Gary Martin

Personal information
- Nationality: USA

Sport
- NCAA team: Penn State Nittany Lions
- NLL teams: Philadelphia Wings

= Gary Martin (lacrosse) =

American lacrosse player

Gary Martin is an American former lacrosse player. He was a two-time All-American for the Penn State Nittany Lions men's lacrosse team in college.

Professionally, Martin was a four-time champion as a player with the Philadelphia Wings of the National Lacrosse League.

==Early life==
Martin is a native of Deer Park, New York. He attended Deer Park High School.

==College career==
During his time with the Penn State Nittany Lions men's lacrosse in the 1980s, Martin was a player in college lacrosse. He was named an All-American in 1982 and 1983.

One of the greatest players in Penn State men's lacrosse history, Martin’s name still litters the record books as of the 2026 season. Martin remains tied for first for the single game assists record, recording nine assists on May 2, 1983 vs. Bucknell. He is first in the single game points record, with 14 points also on May 2, 1983 vs. Bucknell.

His historic 1982 season still ranks 10th all-time in Penn State single season records for goals scored (42), second all-time in assists (44), and third all-time in points (86).

==Professional career==
After his college career, Martin played for the Philadelphia Wings of the National Lacrosse League.

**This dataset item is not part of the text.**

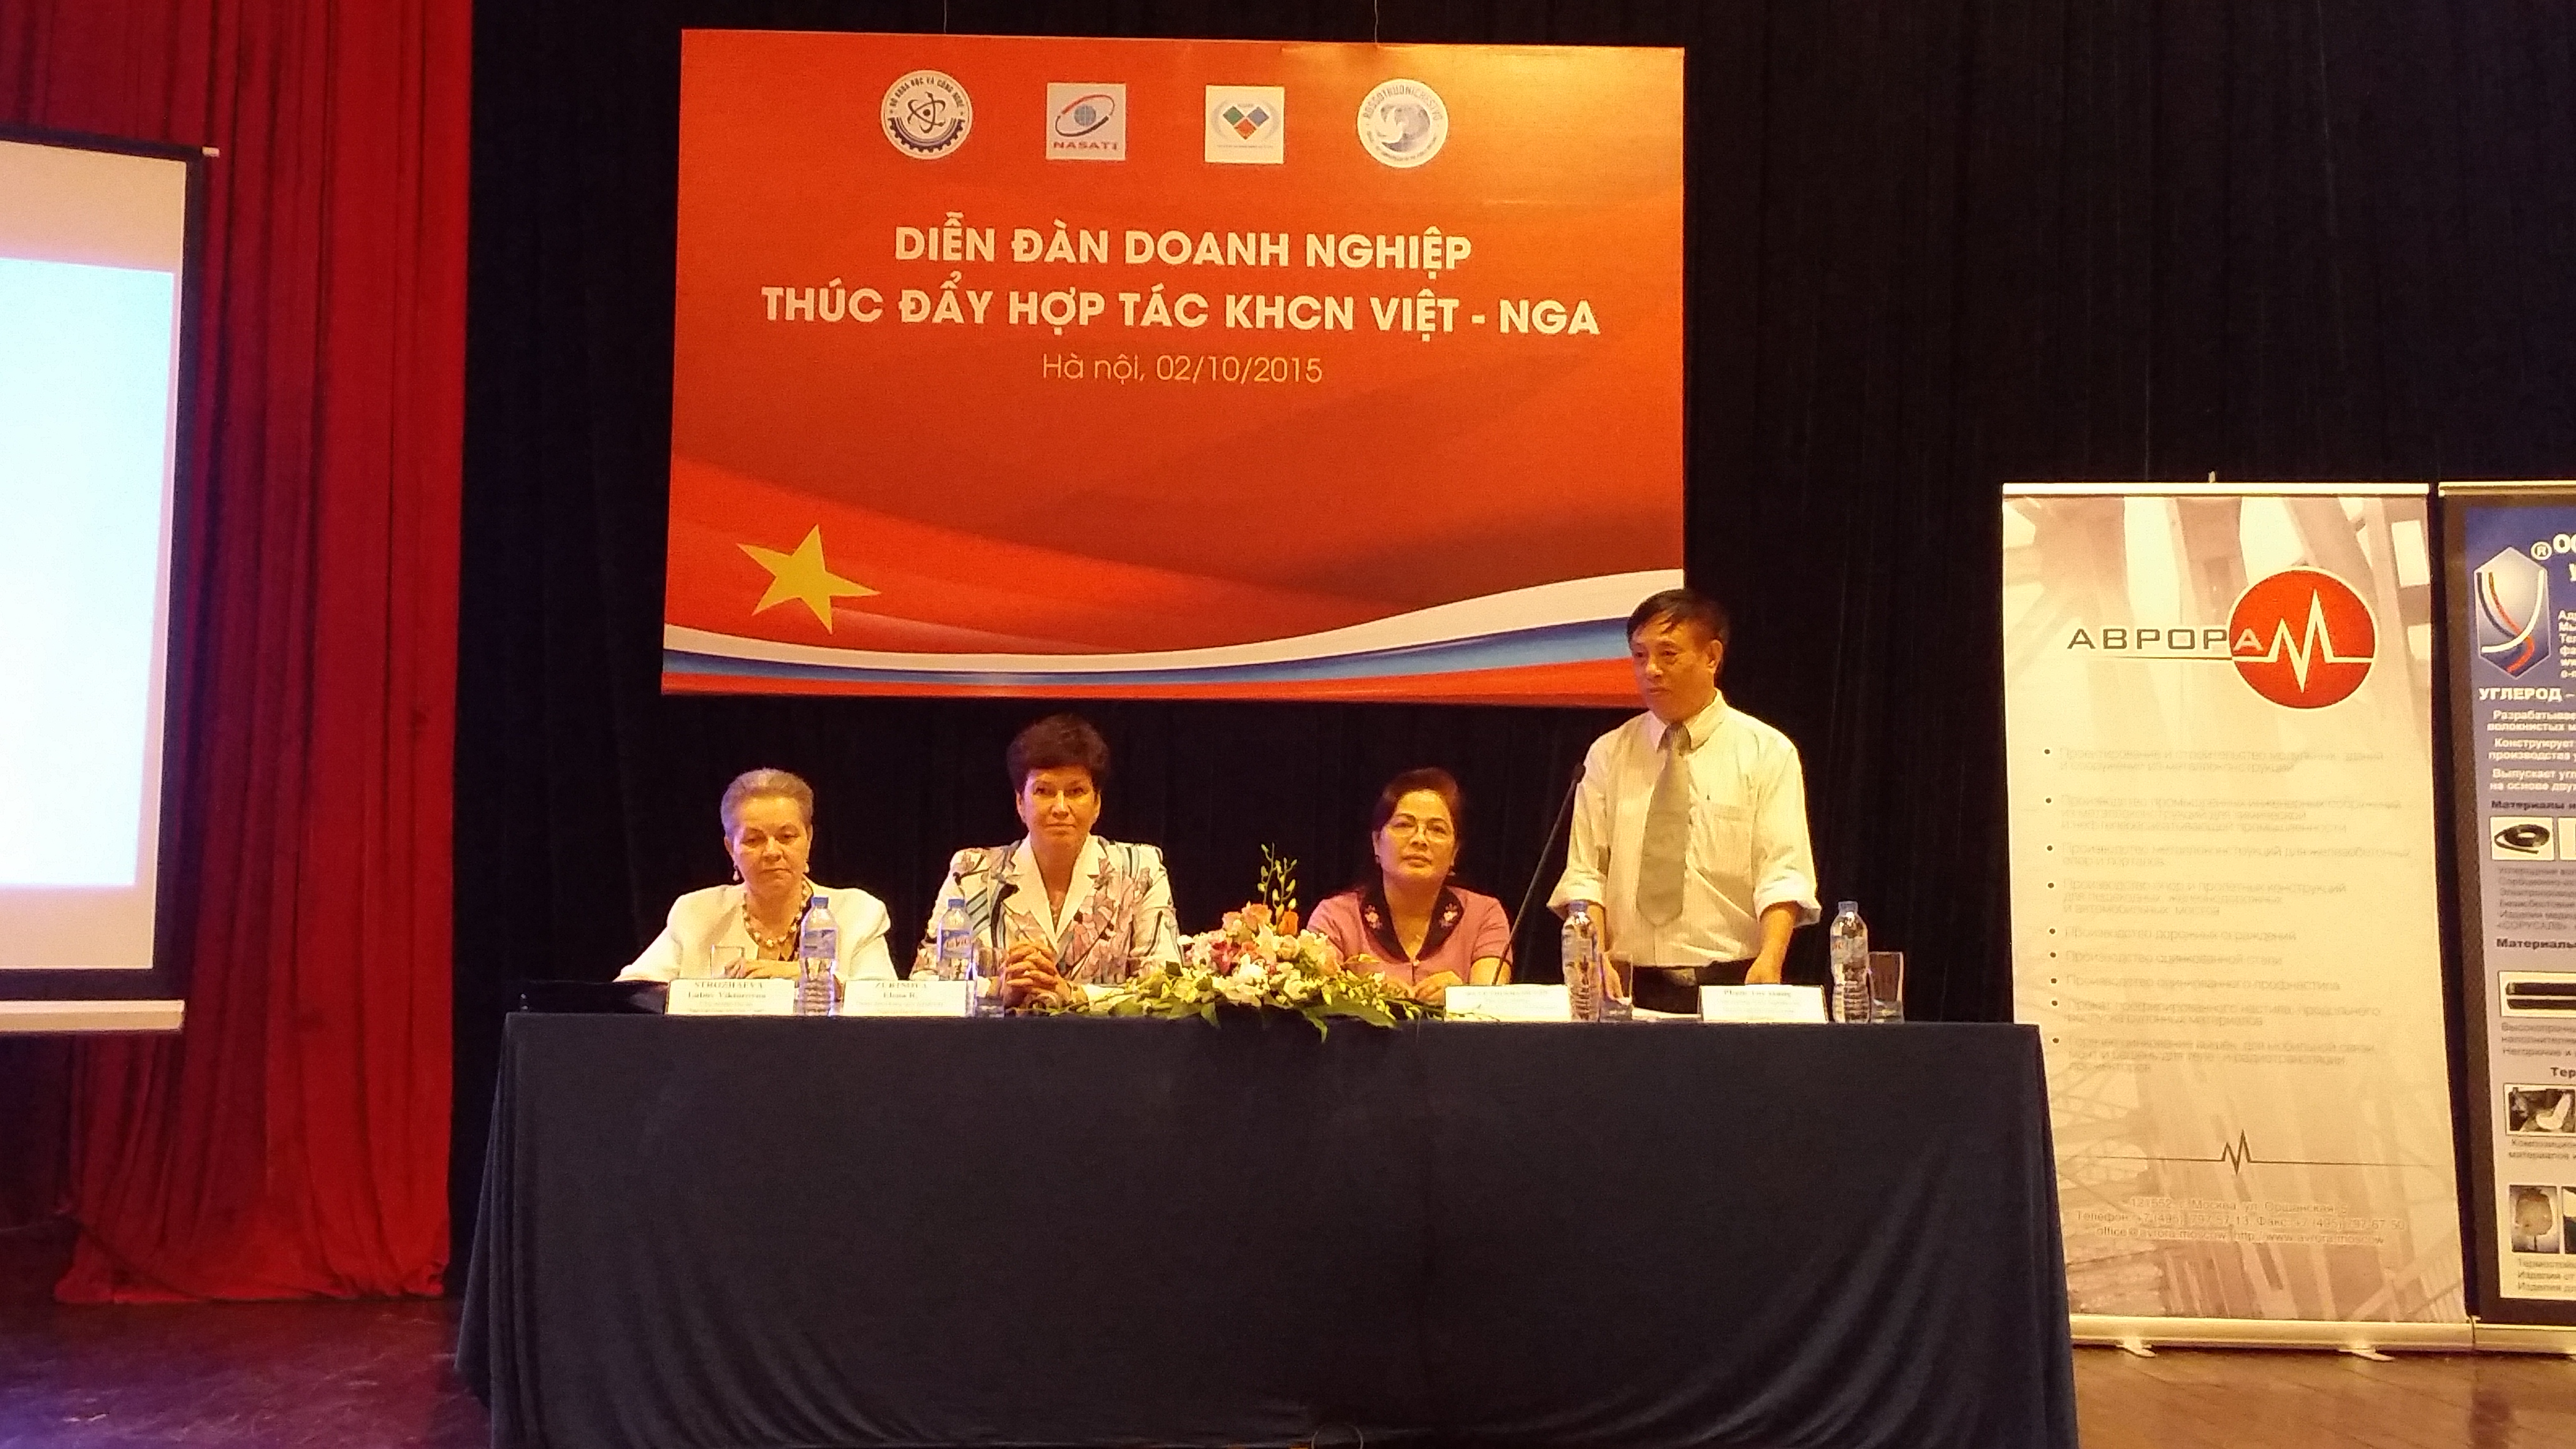 Diễn đàn doanh nghiệp thúc đẩy hợp tác KHCN Việt – Nga

With the Wings, he won five championships, with four championships as a player (1989, 1990, 1994, 1995) and later one championship as a coach (1998).

==Halls of fame==
Martin is a member of the Philadelphia Jewish Sports Hall of Fame.

In December 2025, it was announced that Martin was selected for the Penn State men's lacrosse Ring of Pride, the program's highest honor.